WHAT YOU SHOULD DO: From the material below, return exactly the lines starting at the one that holds "Who Is Brooke" and ending at the one that holds "Seti takaró 100%". Pictures stay out of the answer.

DATA FOR REVIEW:

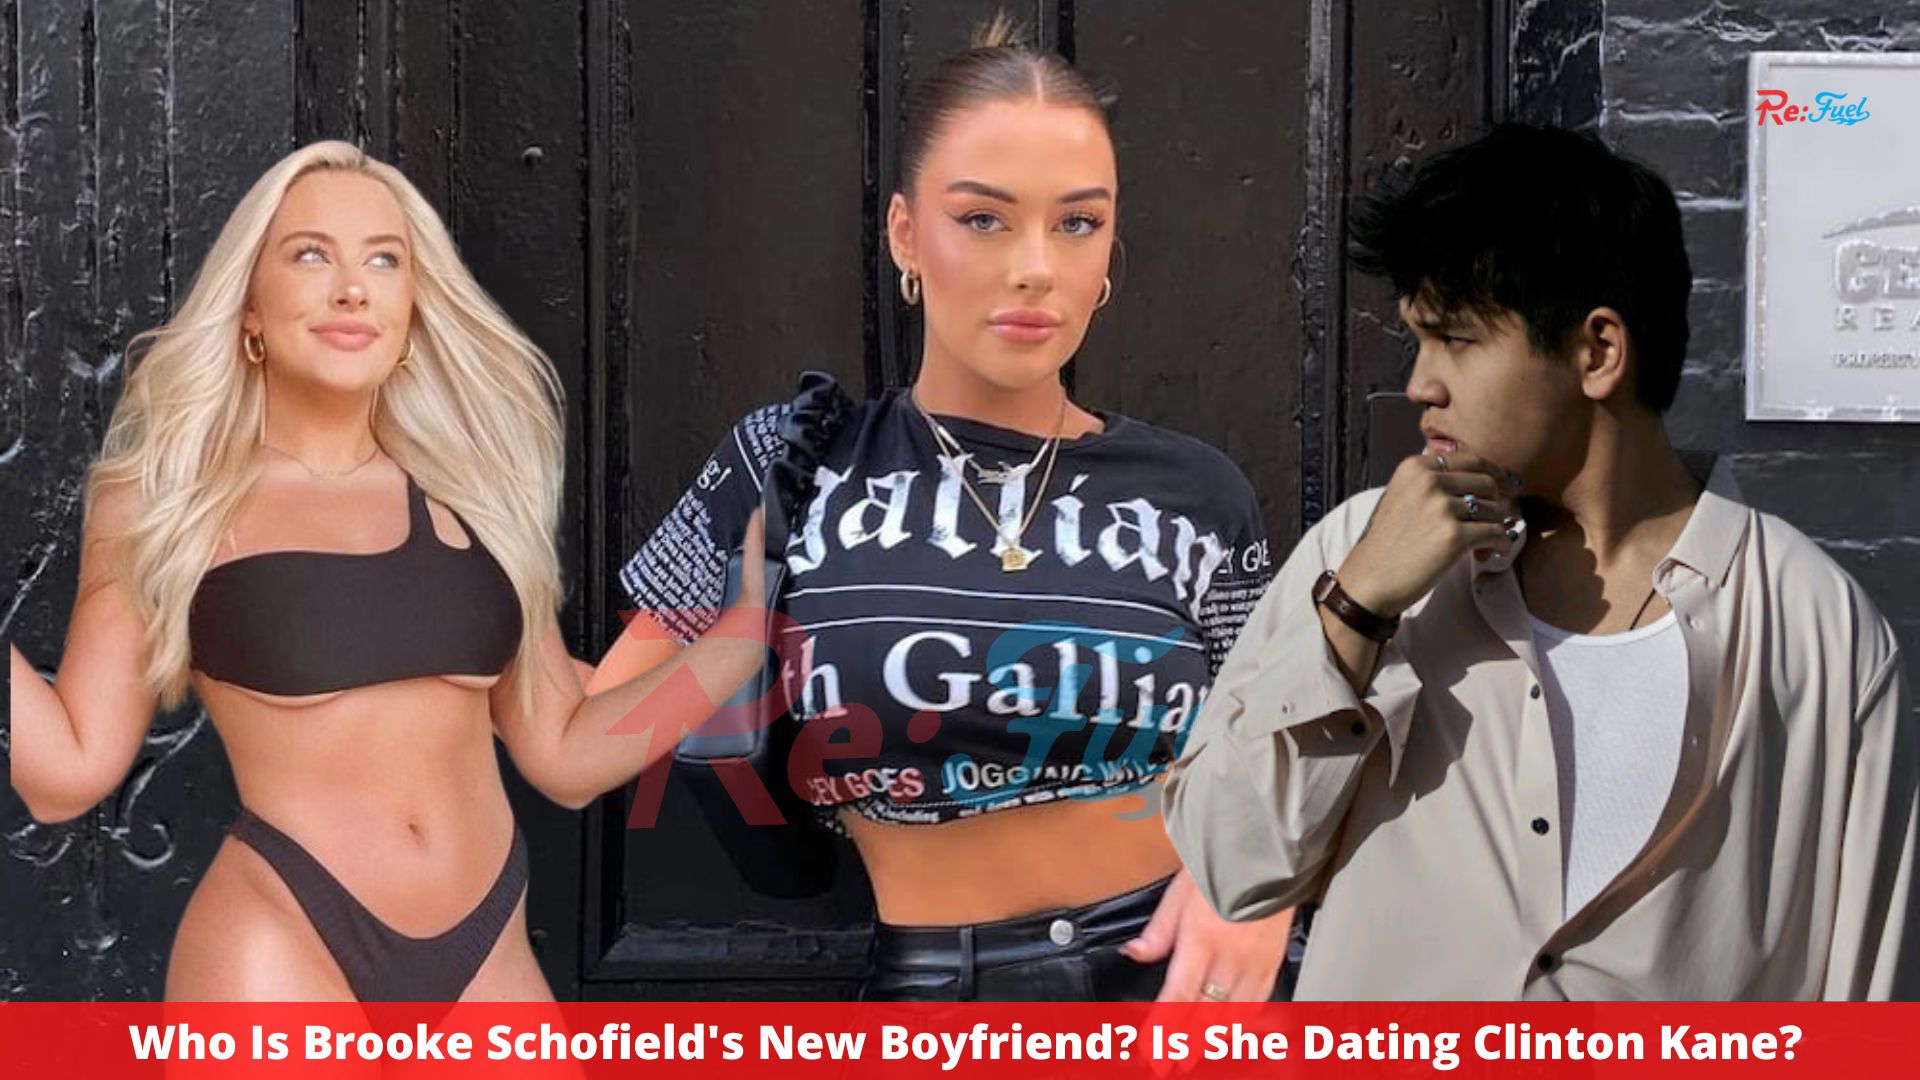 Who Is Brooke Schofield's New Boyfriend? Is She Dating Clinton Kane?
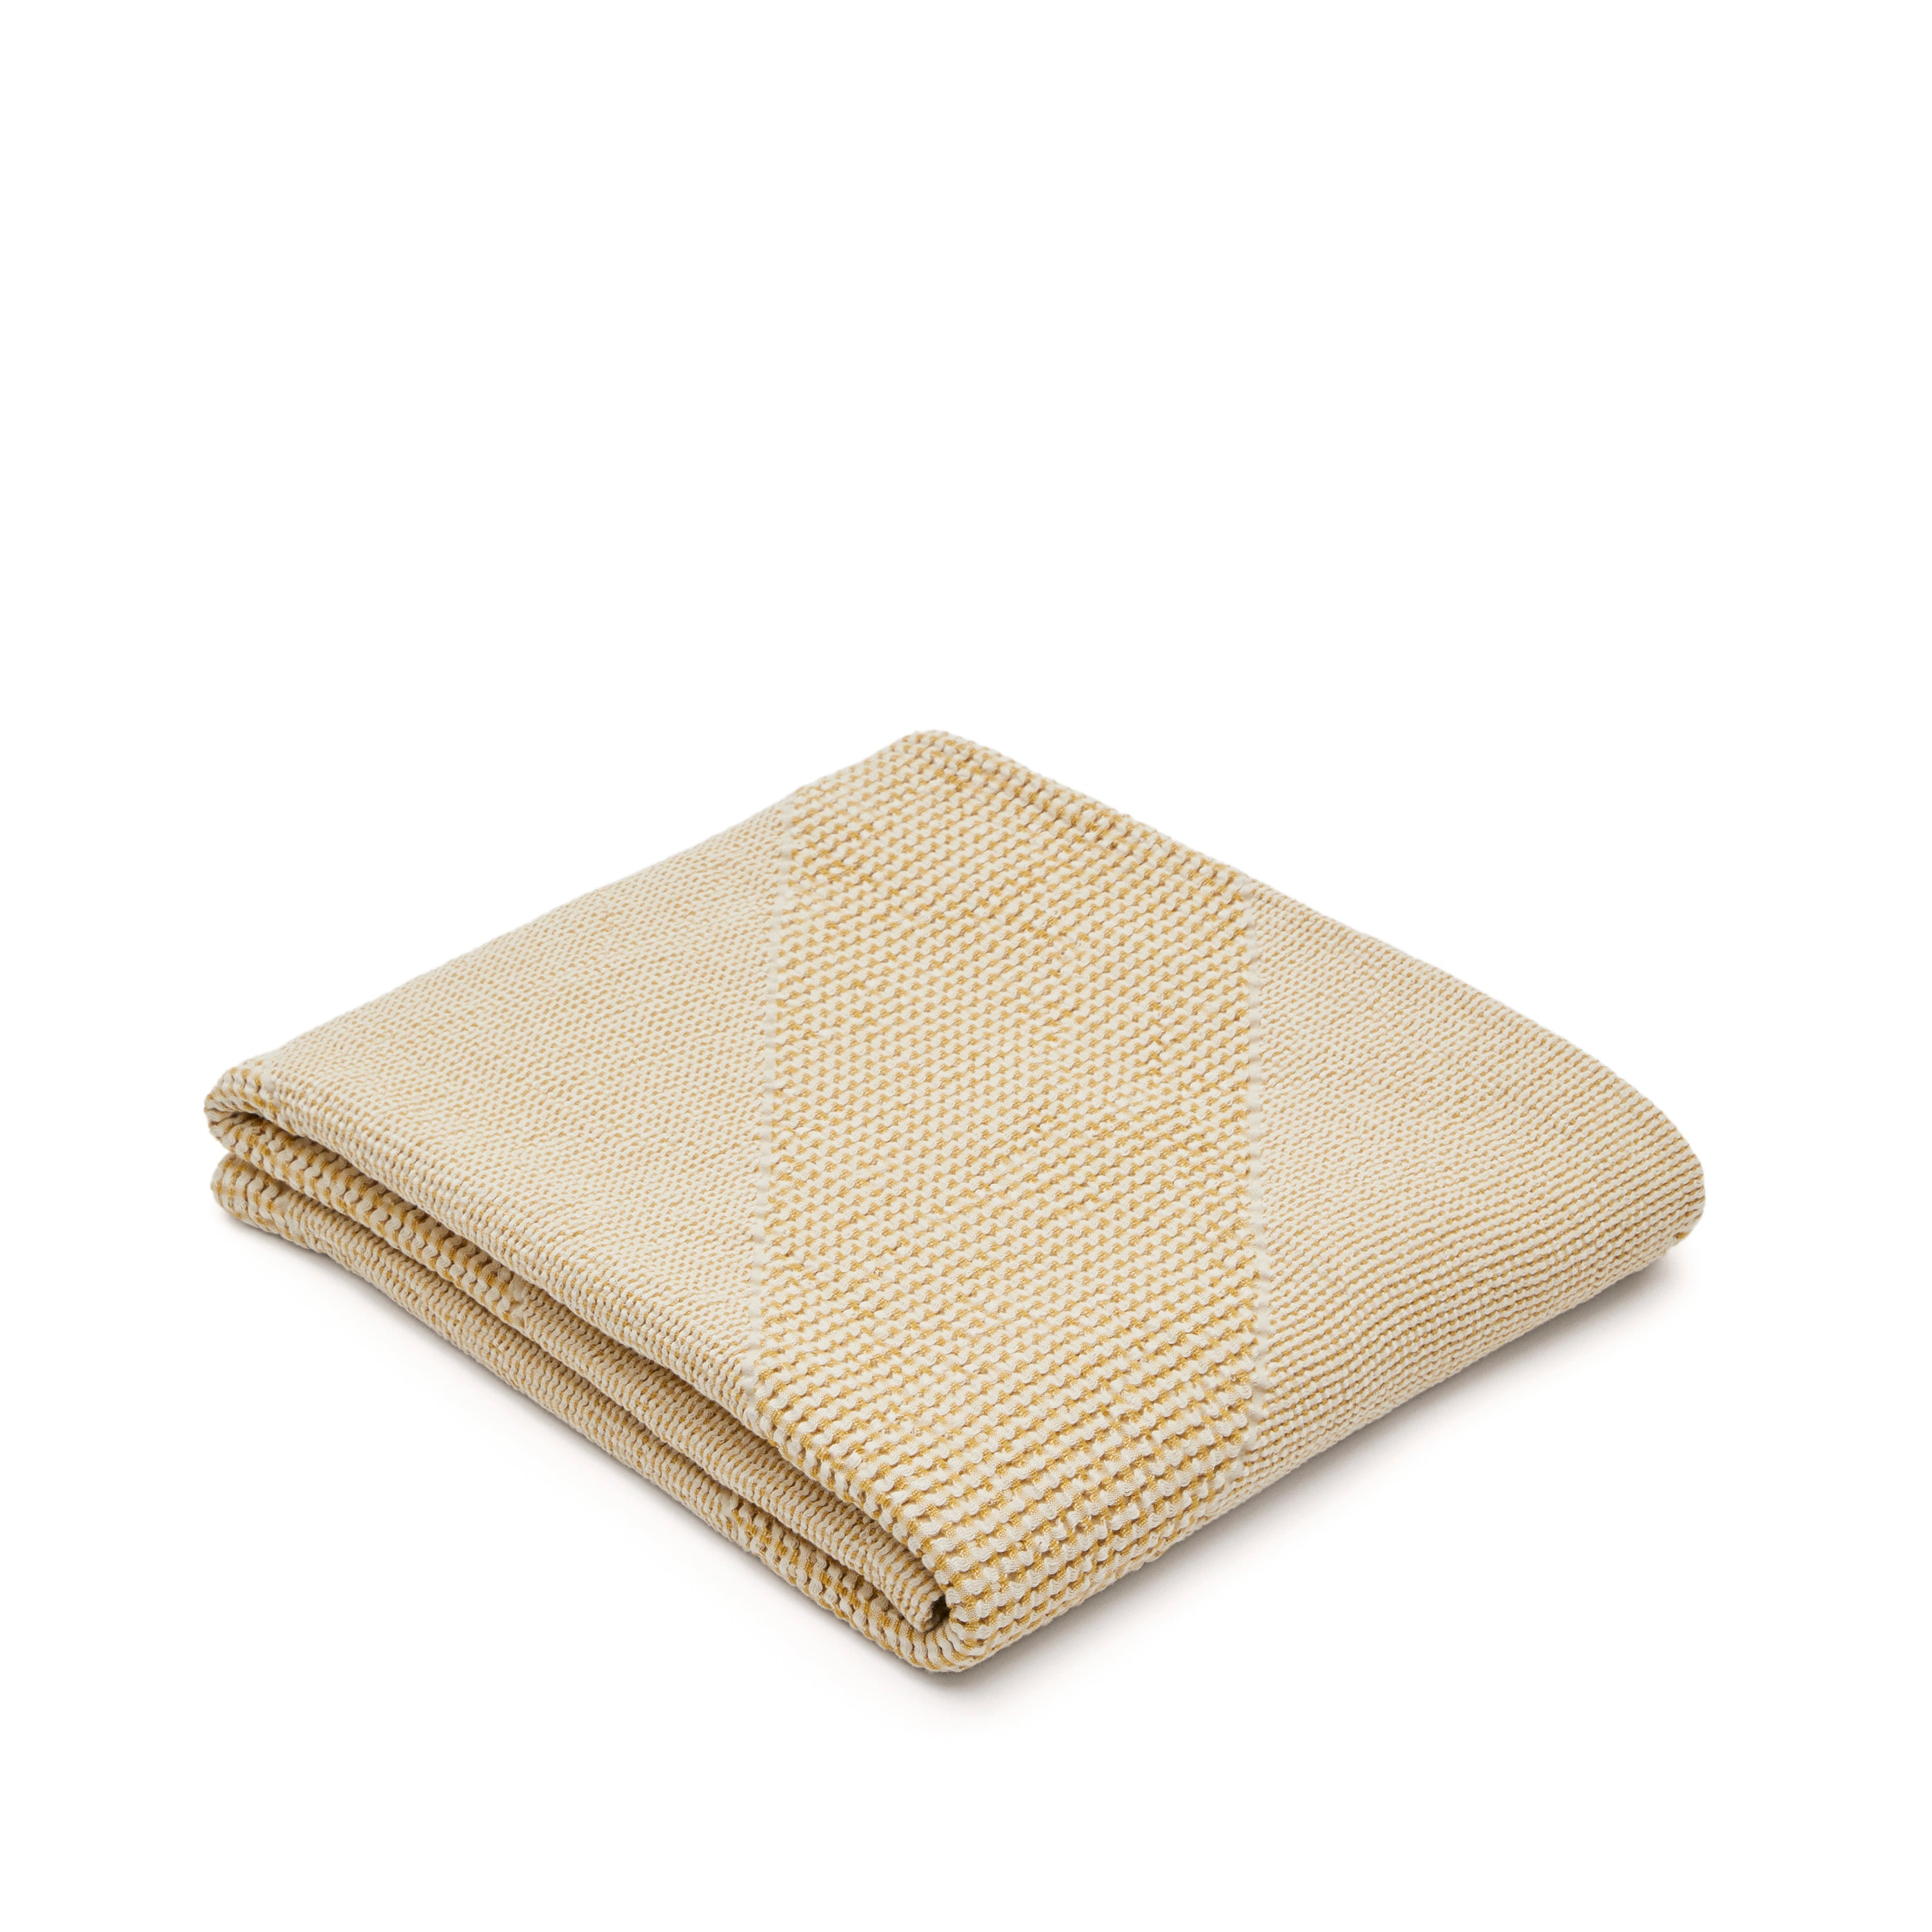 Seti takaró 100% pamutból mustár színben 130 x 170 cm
* * *
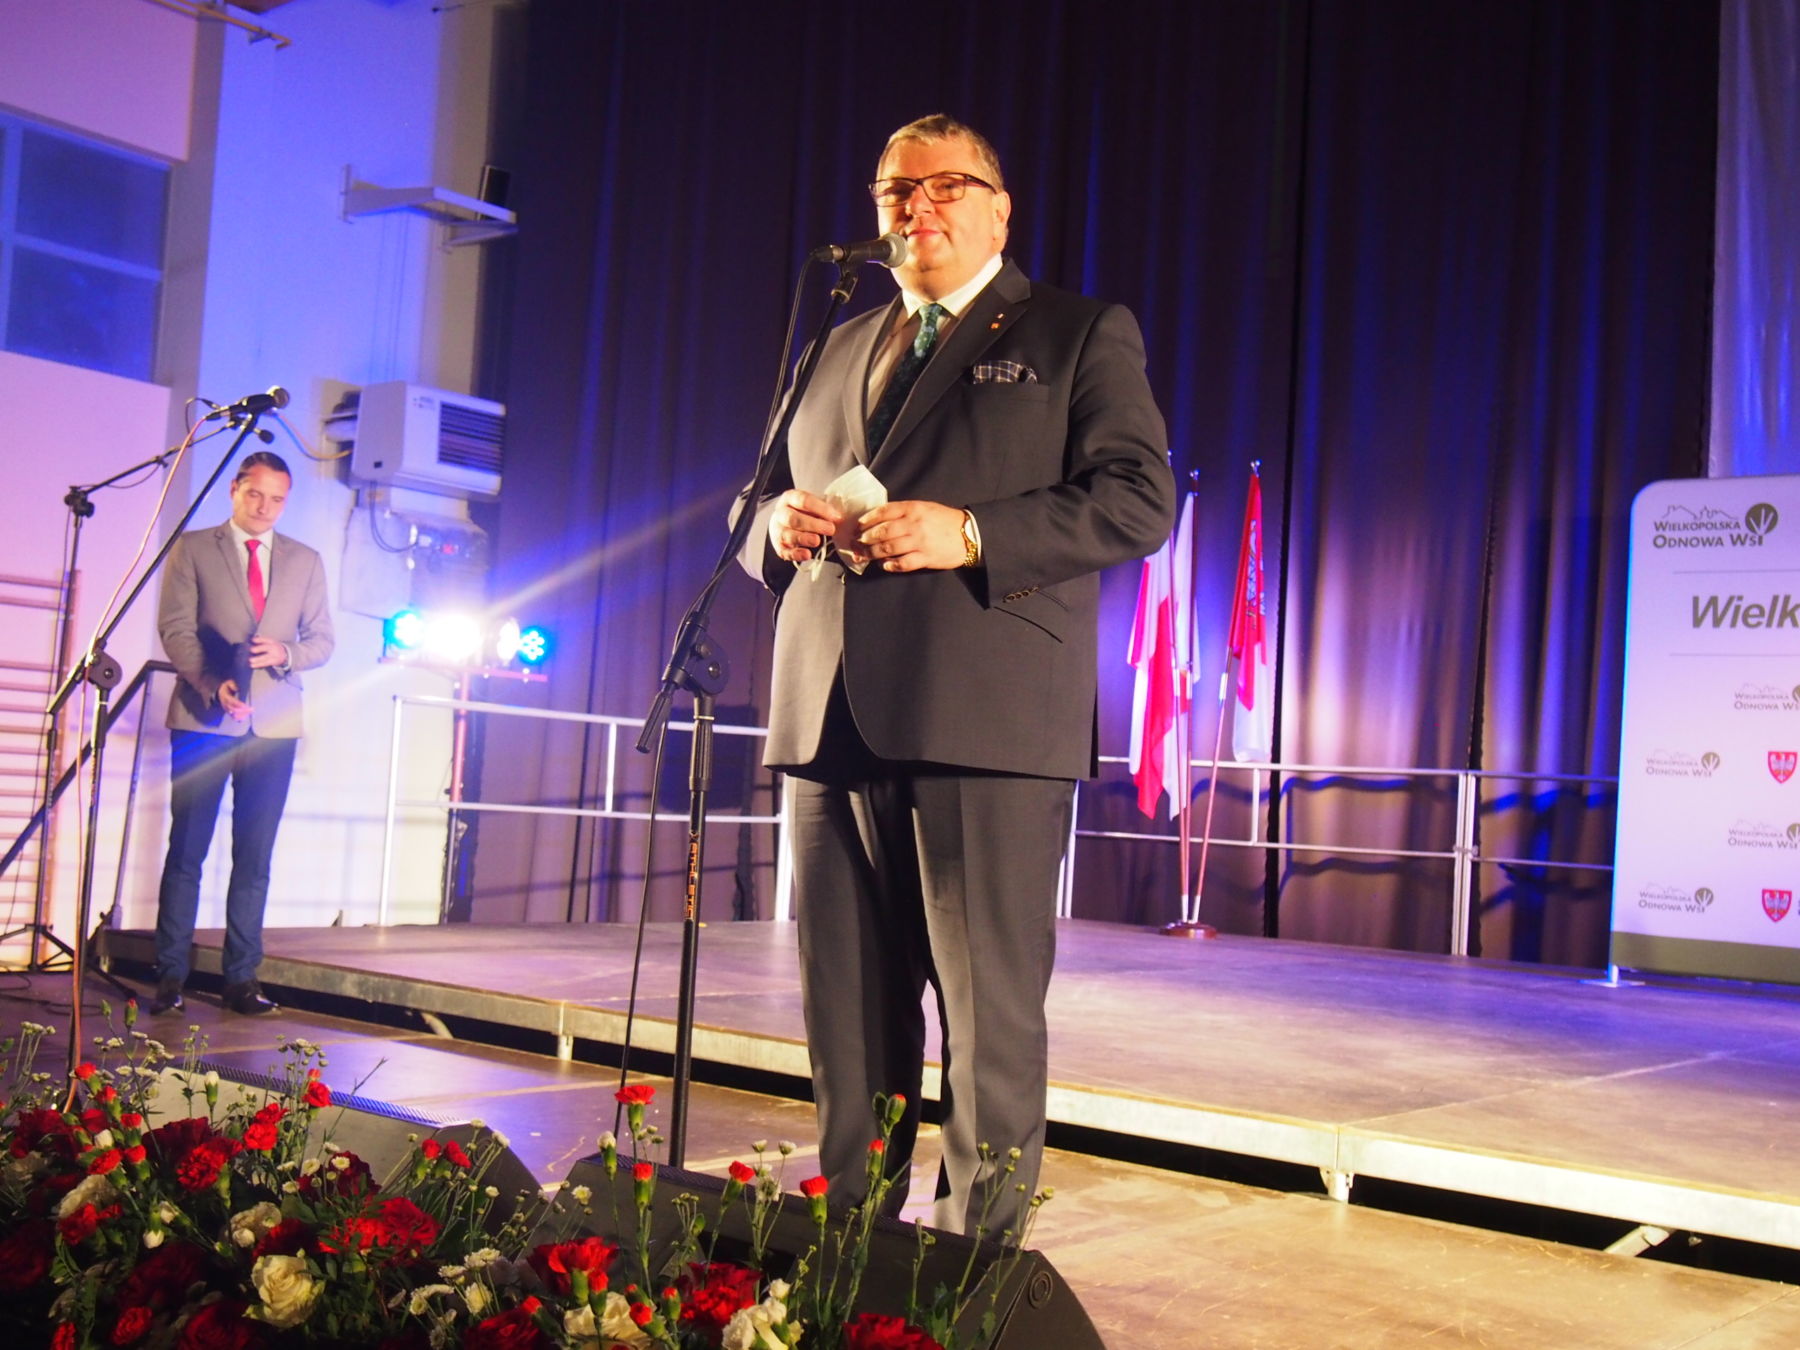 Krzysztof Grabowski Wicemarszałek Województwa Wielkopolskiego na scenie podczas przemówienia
...
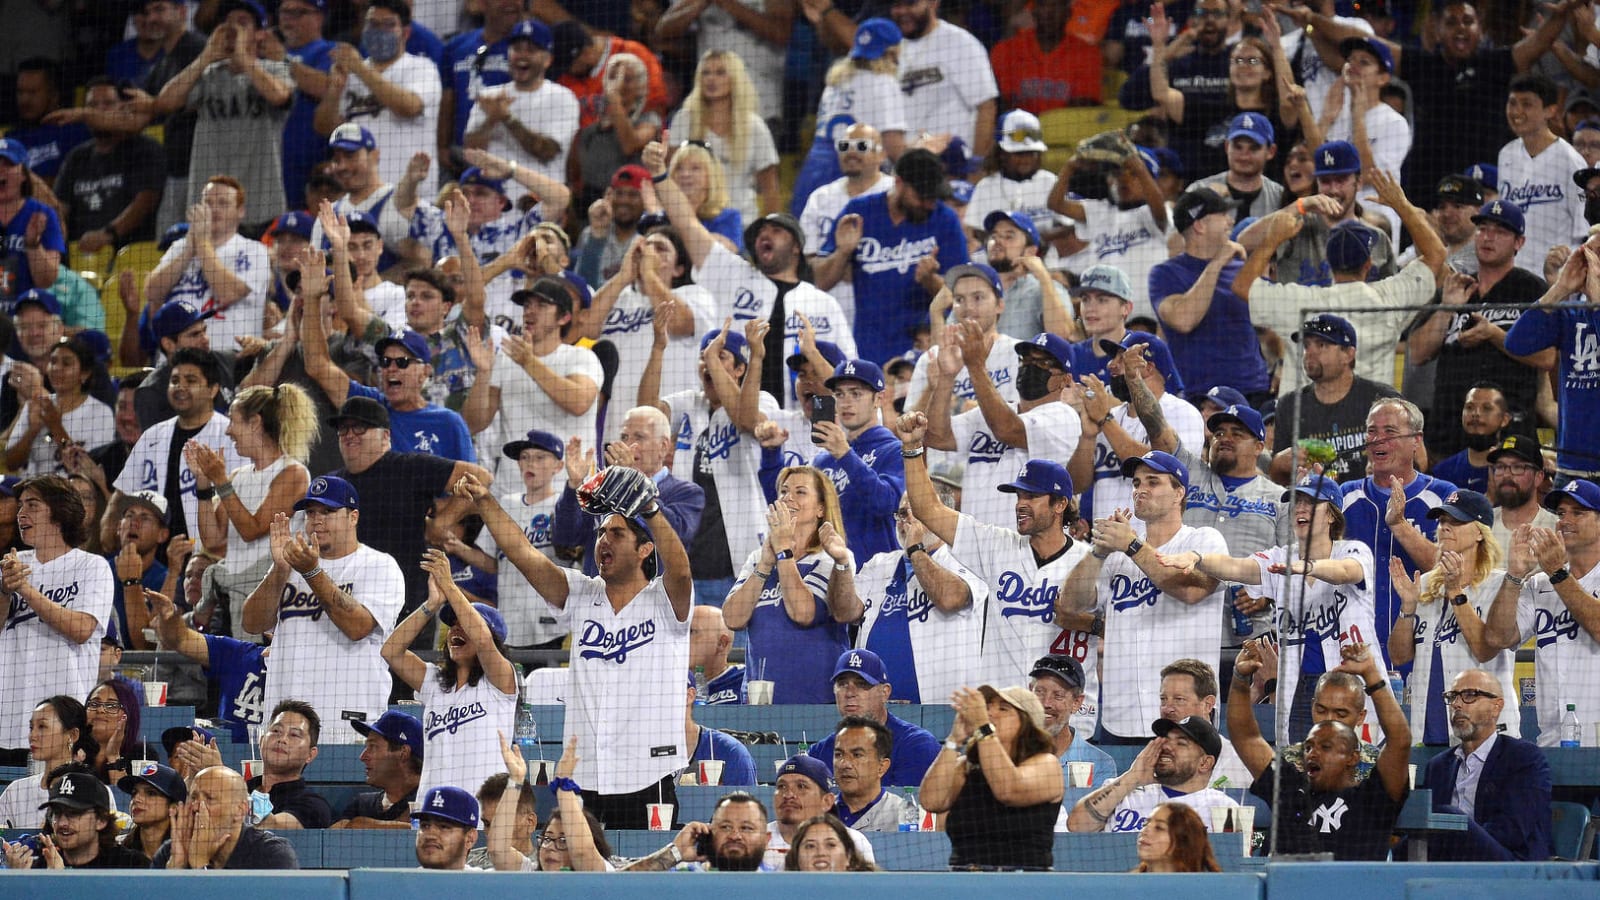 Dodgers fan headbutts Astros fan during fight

REPLY:
 Who Is Brooke Schofield's New Boyfriend? Is She Dating Clinton Kane?
 Seti takaró 100% pamutból mustár színben 130 x 170 cm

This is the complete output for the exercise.